While doing voice chat I am able to listen voice from other end but they are not able to hear me. 



Please help me to come out from this problem.


----------



## Joze (Dec 15, 2010)

Hi,

Have you tested your microphones in something simple, such as Sound Recorder (Start > programs > accessories > entertainment > Sound Recorder) to see if it will record your voice in there? Also, which voice application are you attempting to use? It may be a setting in that program.

Let us know the results.


----------



## bbubai (Dec 16, 2010)

Hello Dear,

Thanks for ur reply, yes I have already tested the Laptop's inbuild microphone and external microphone through (Start > programs > accessories > entertainment > Sound Recorder), Sound Recorder not able to record voice in both of the cases. 

I am trying to make a voice chat with my friends through internet, they can hear my voice but I am not able to listen their voice.

Thanks,






Joze said:


> Hi,
> 
> Have you tested your microphones in something simple, such as Sound Recorder (Start > programs > accessories > entertainment > Sound Recorder) to see if it will record your voice in there?
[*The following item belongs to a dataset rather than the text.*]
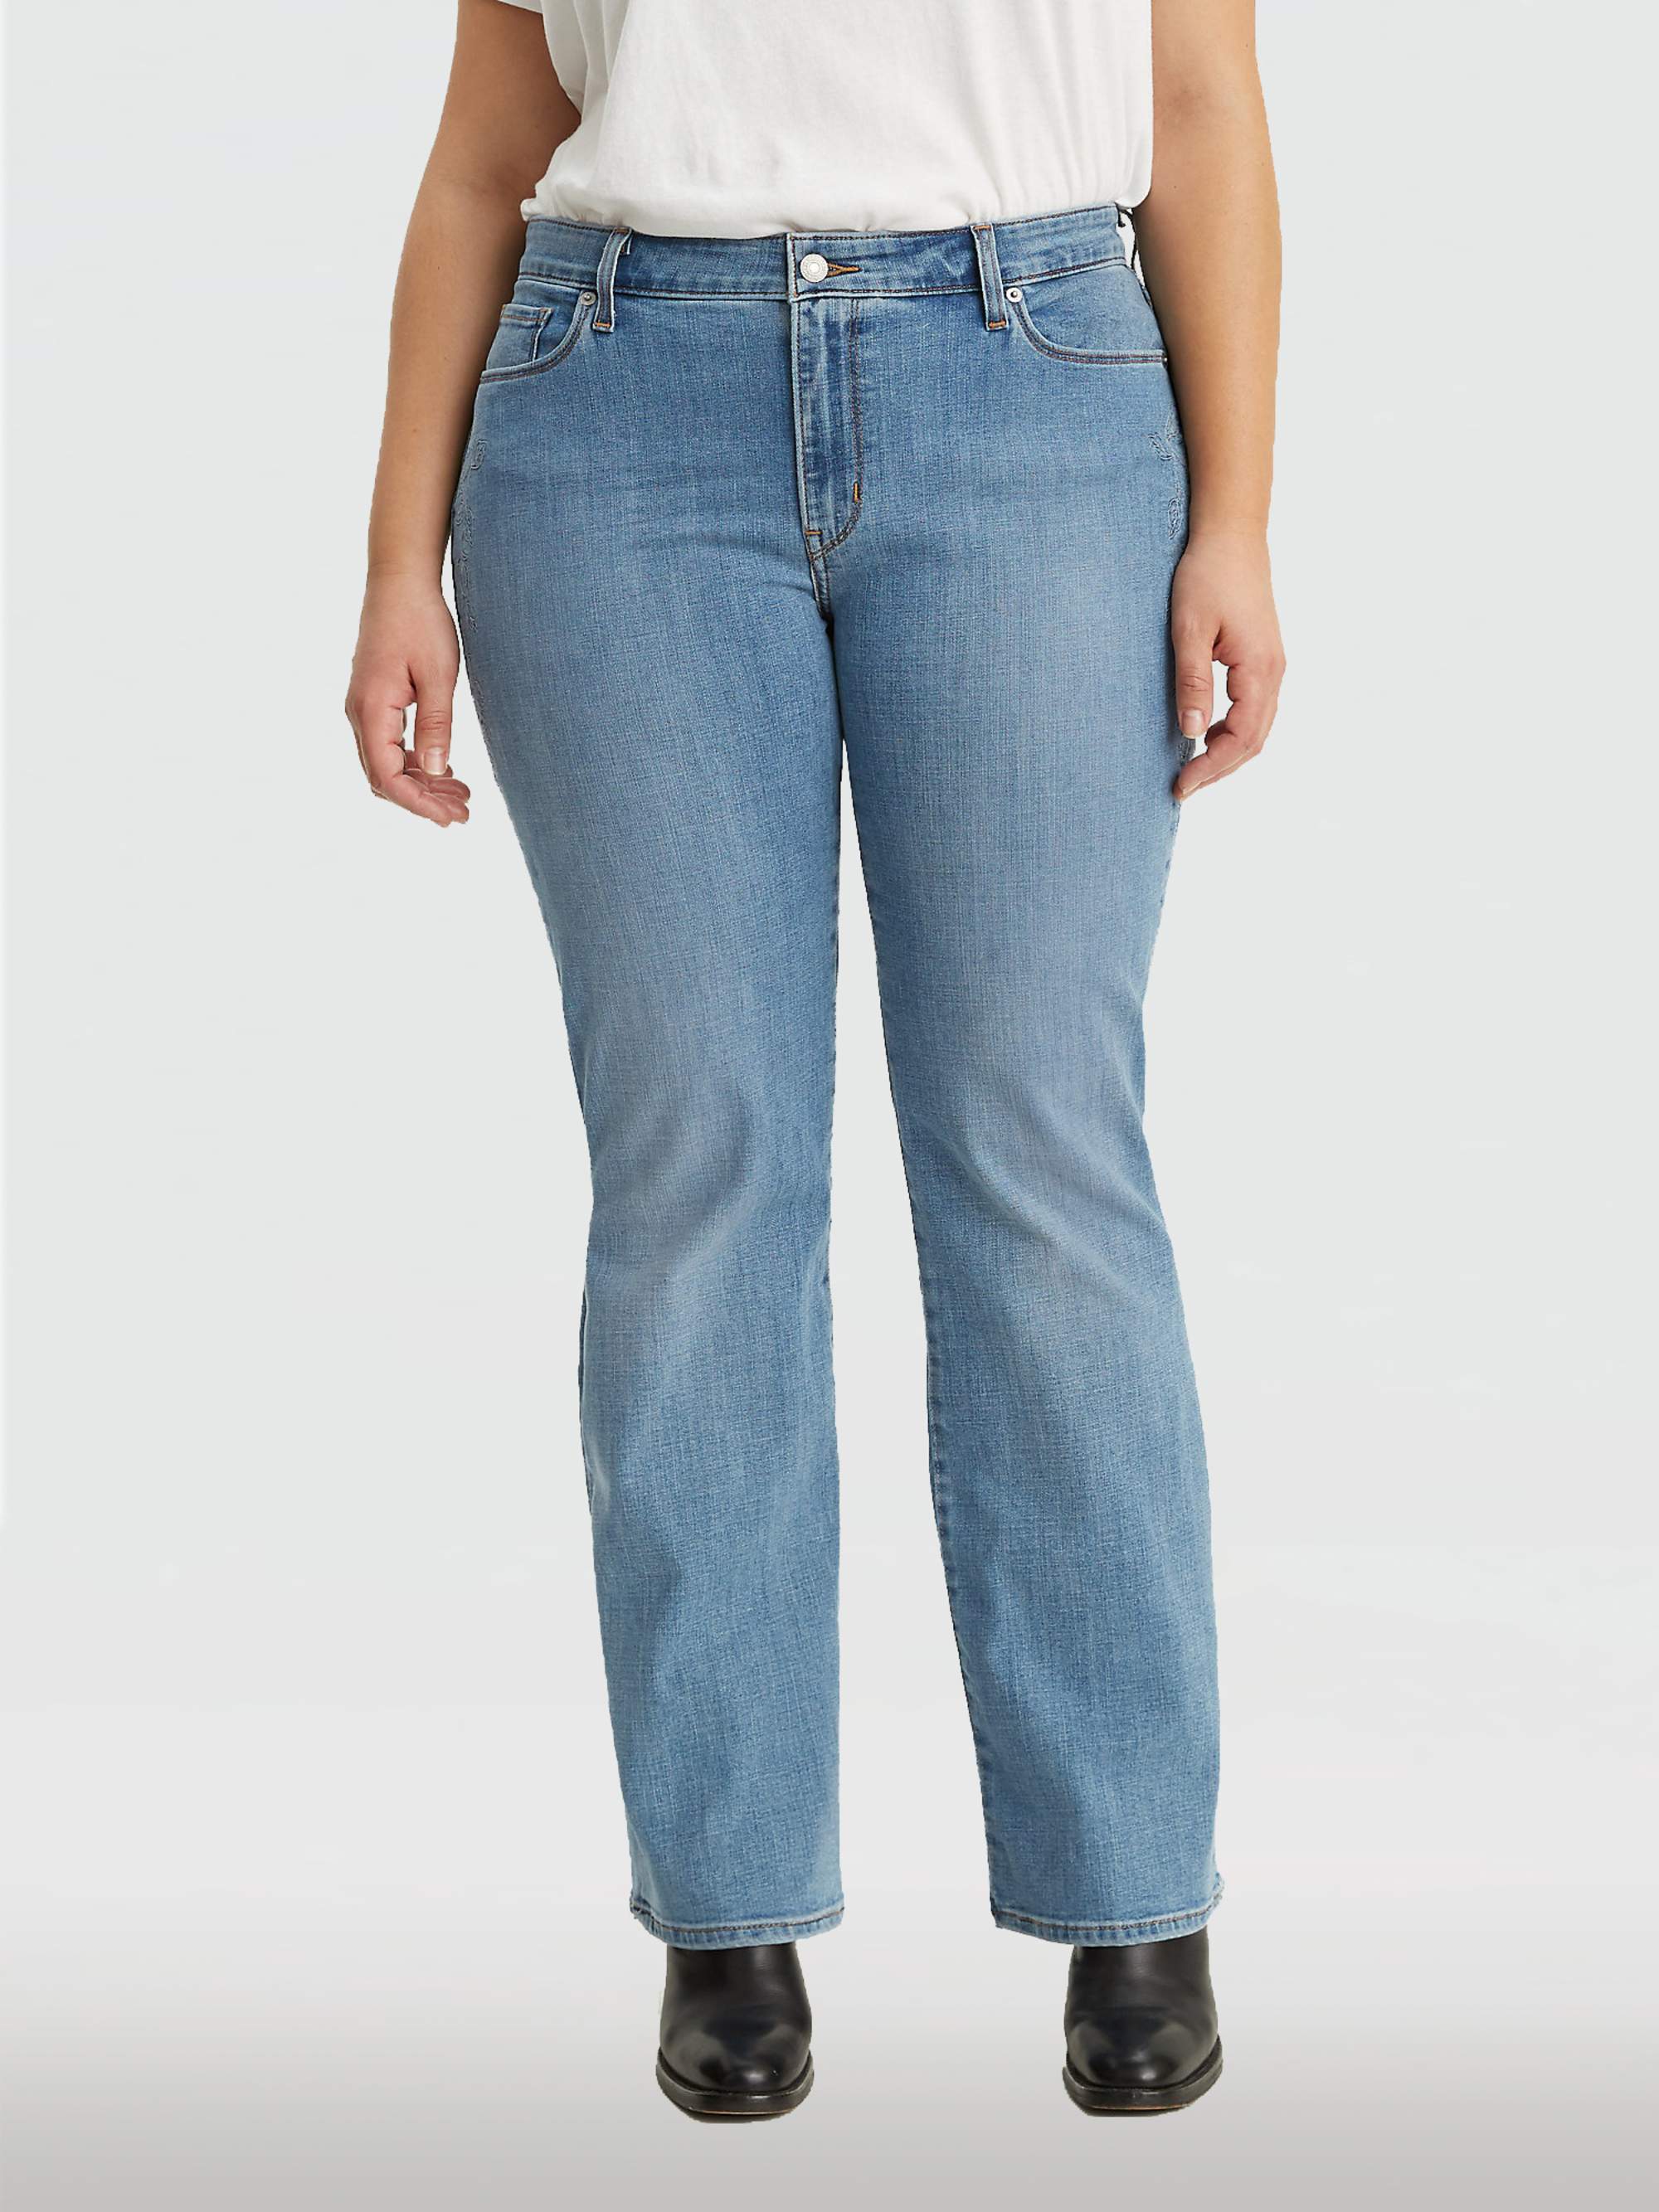 levi's 415 jeans
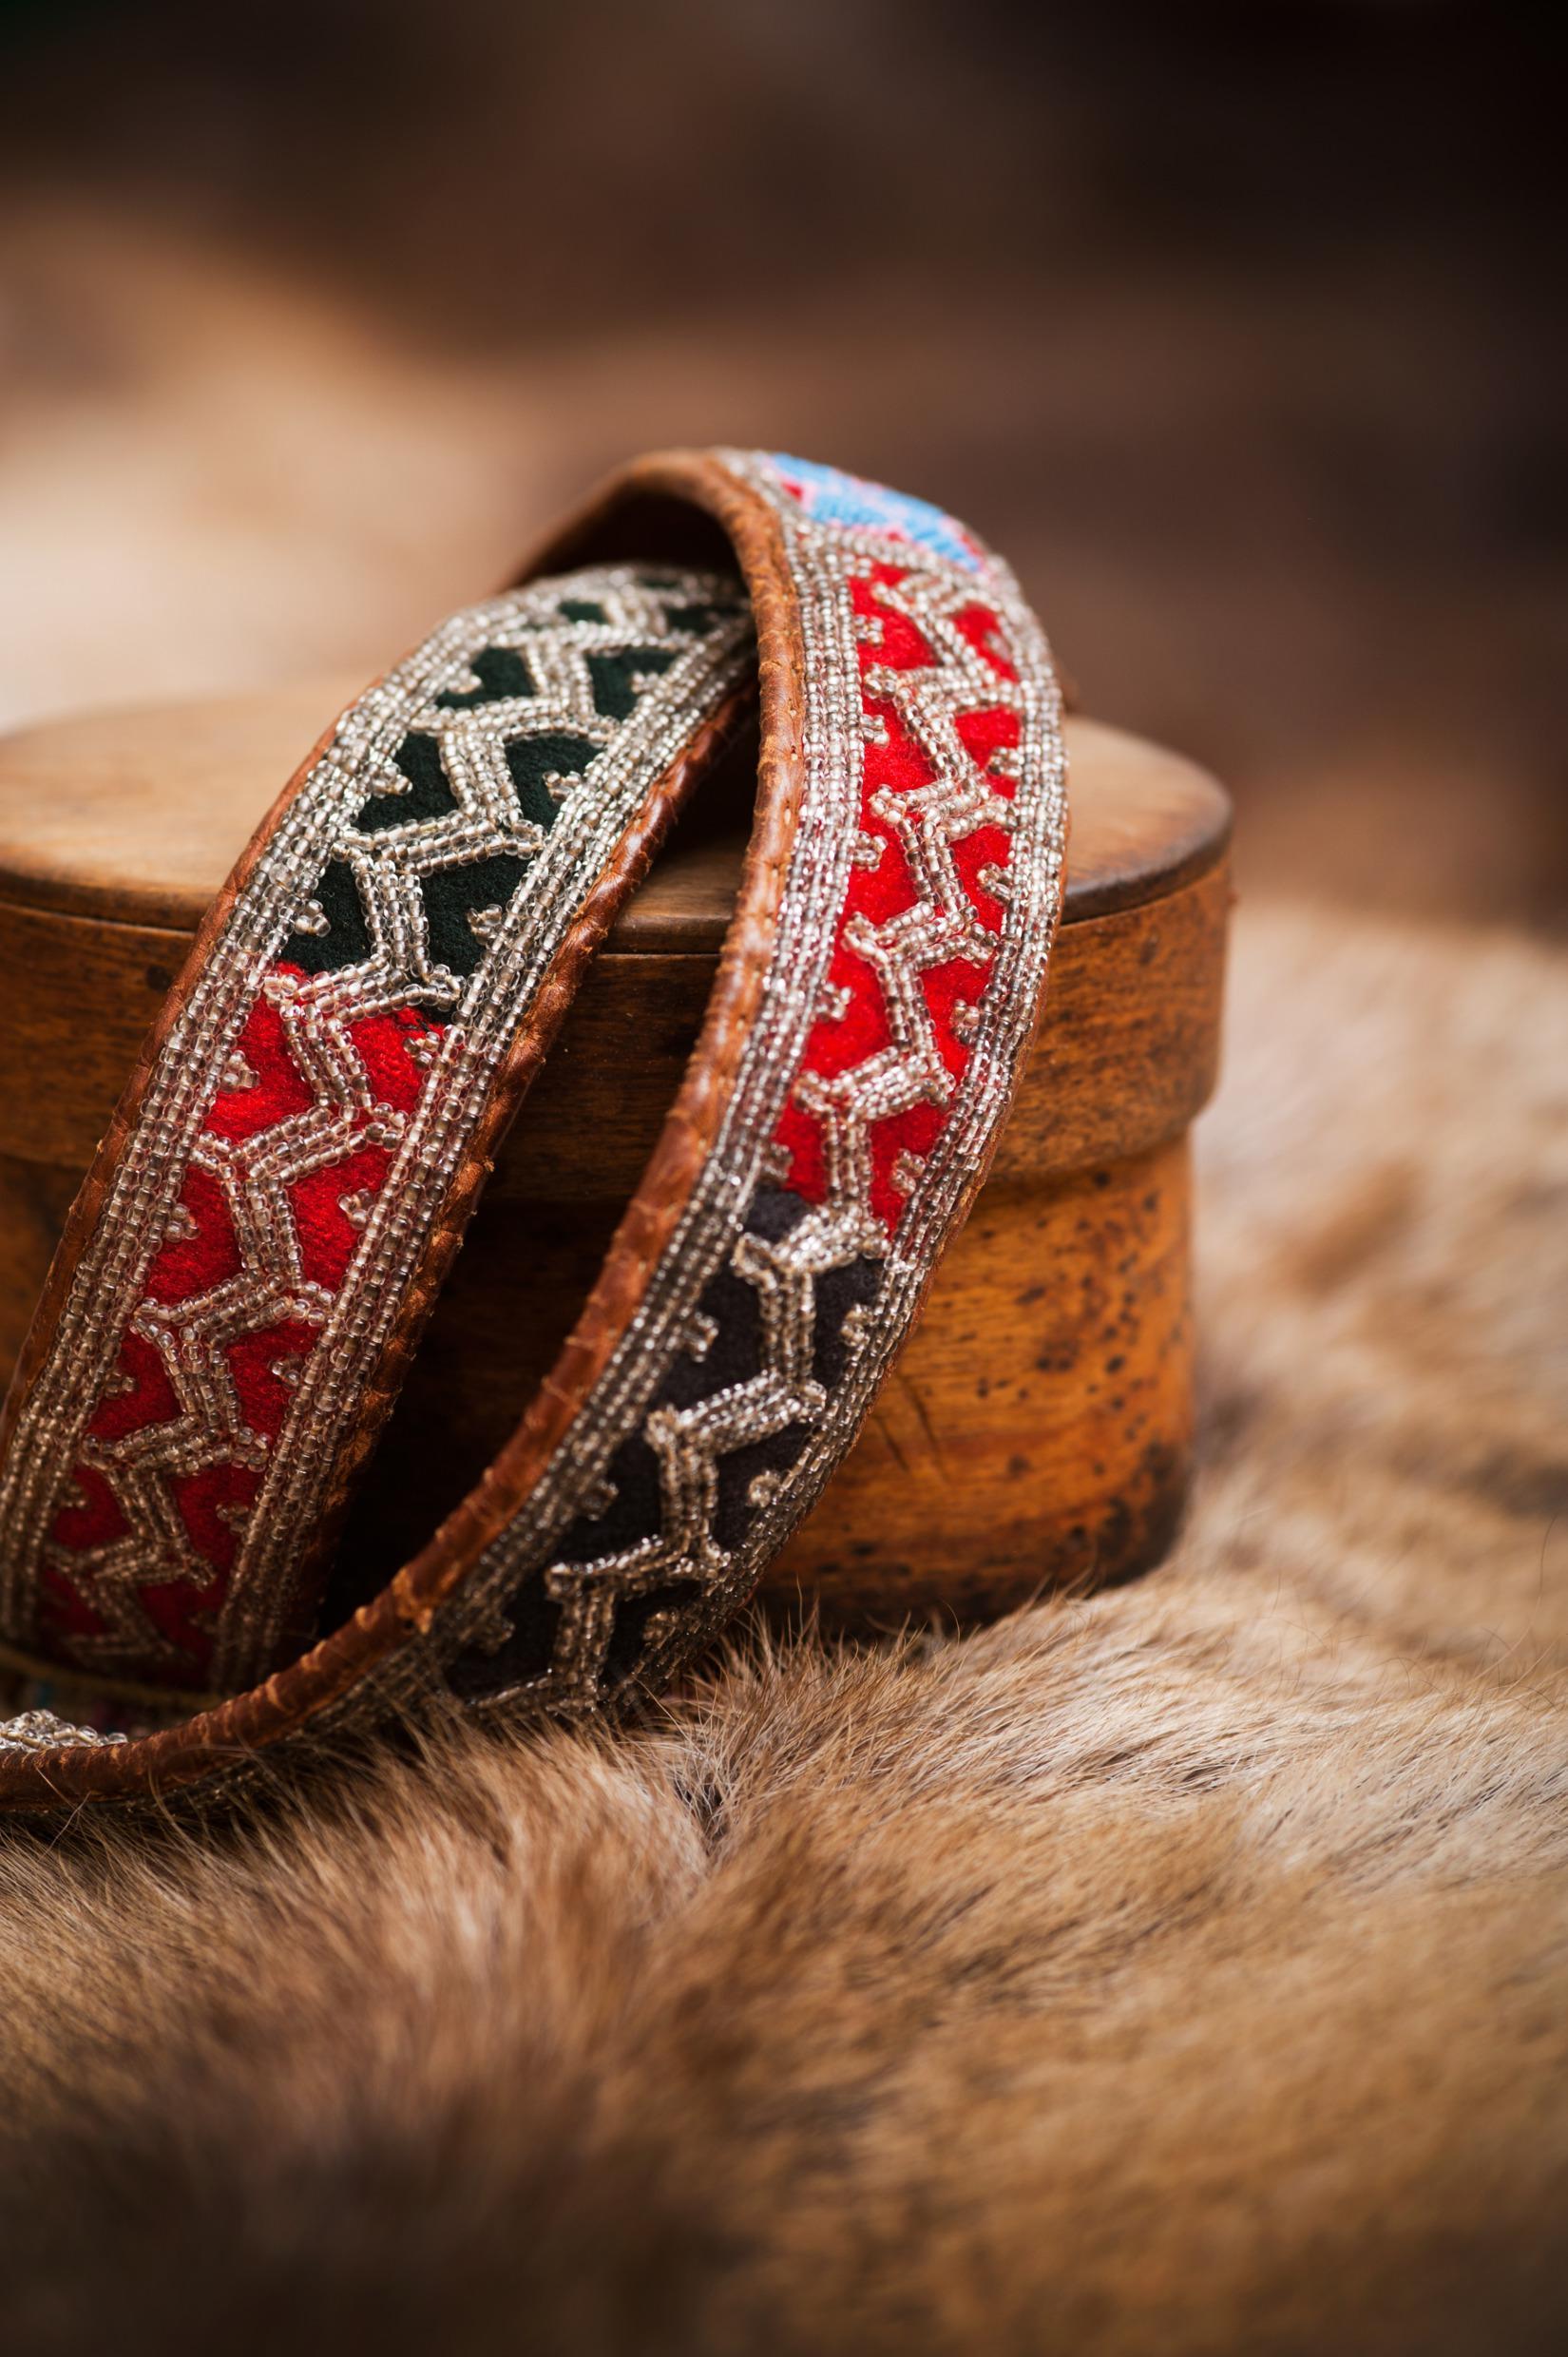 Sami handcraft leather and pewter bracelets on a reindeer pelt.

Also, which voice application are you attempting to use? It may be a setting in that program.
> 
> Let us know the results.


----------



## bbubai (Dec 16, 2010)

Hello,

I have update the OS in my laptop from XP to Windows 7, but still both the inbuild and external microphone is not working.

Please help me to slove this problem.

Thanks,




bbubai said:


> Hello Dear,
> 
> Thanks for ur reply, yes I have already tested the Laptop's inbuild microphone and external microphone through (Start > programs > accessories > entertainment > Sound Recorder), Sound Recorder not able to record voice in both of the cases.
> 
> ...


----------



## JimE (Apr 16, 2009)

Sounds like a driver or setup issue. 

In any case, your information is conflicting. You keep saying the microphones don't work, but then you said "they can hear my voice". If they can hear you, the mic is working...regardless of whatever tests you have done.


----------